The settings are described with words appealing to the senses, the characters reveal themselves through what they say or what other people say of them.
The technique is typical of drama.
Allegorical meaning
The story is allegorical: it’s a 19th century version of the myth of Faust, the story of a man who sells his soul to the devil. His variation on this theme is in use of the magical portrait.
The moral of this novel is that every excess must be punished and reality cannot be escaped, the horrible picture could be seen as a symbol of the immorality and bad conscience of the Victorian middle class. When the picture is restored to its original beauty: art survives people, art is eternal.
5. The Importance of Being Earnest (1895)
The Plot
The title plays on a double meaning: the word ‘earnest’ (it means ‘serious’). This word is also a name, Earnest.
The protagonists of the play are Jack and his friend Algy. They have a double life. Jack lives in the country, but when he goes to London he is known as Earnest, to protect his reputation. He has a girl under his responsibility, Cecily, who thinks that Earnest is Jack’s brother.
In London, Jack as Earnest, falls in love with Gwendolen, but her mother doesn’t want the marriage because Jack’s origins are unknown. Algy has invented an imaginary friend, Bunbury. In London he falls in love with Cecily, Jack’s ward.
But he thinks that Algy is Jack’s brother Ernest. At the end we discover that Jack and Algy are brothers, and Jack’s name is Ernest. Finally Gwendolen can marry Ernest.
A new comedy of manners
Wilde’s contribution to theatre was a new sort of the Restoration comedy of Manners. His society drama was a mirror in which he could see reflected the images of their own fashionable world of dinner parties and in which the best kept secrets were the ones that everyone knew.
The institution of marriage
The Importance of Being Earnest presents an aristocratic society are typical Victorian snobs: they are arrogant, formal and with money.
The main concern of all the characters in the play is marriage. The works of Jane Austen and George Eliot alone provide multiple examples of this genre.
Although the play ends happily, it leaves the audience under the impression that marriage and social values are tied together in destructive ways.

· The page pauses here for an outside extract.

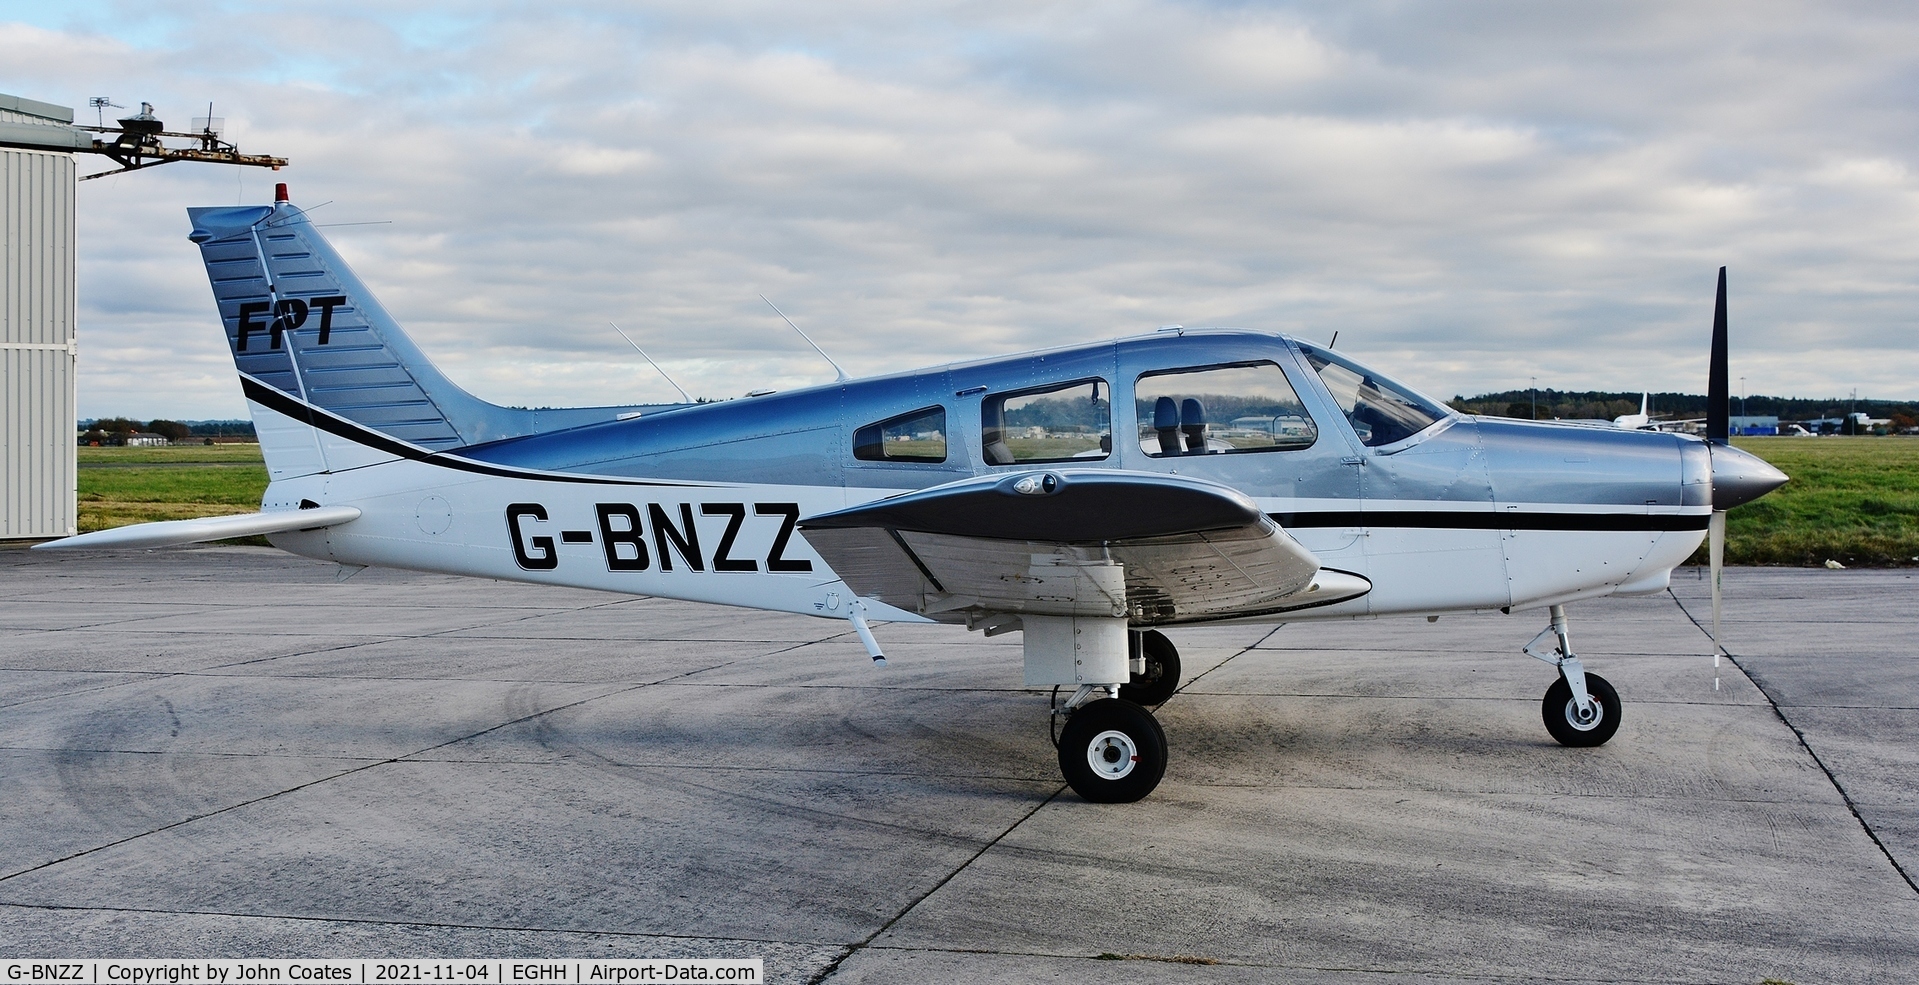 G-BNZZ, 1982 Piper PA-28-161 Cherokee Warrior II C/N 28-8216184, Looking like it is freshly repainted

The aristocracy doesn’t see marriage as the result of love but as a tool for achieving social stature.
Irony and Imagination
Wilde’s social satire comes from the ironic use of a solemn language in situations that are utterly ridiculous and frivolous. Irony is the dominant feature of the play rather than mere decoration. Imagination is important in this play.
In this world the laws of reality can be suspended, parents produced by an act of will and the characters may change their identities as they wish.
6. The Ballad of Reading Gaol (1898)
Last work
Wilde began his literary career when he won a prize at Oxford University in 1878. He completed the same career 20 years later as the anonymous whose first six editions gave the authors as ‘C. 3. 3.’ (it was Wilde’s prison reference number).
Content
This poem is made up of 109 stanzas grouped into 6 sections. It was Wilde’s most famous poetic composition and the only work written after his release from prison.
The poem tells the story of a hanging which took place in Reading Gaol in July 1896 and which Wildewitnessed as an inmate.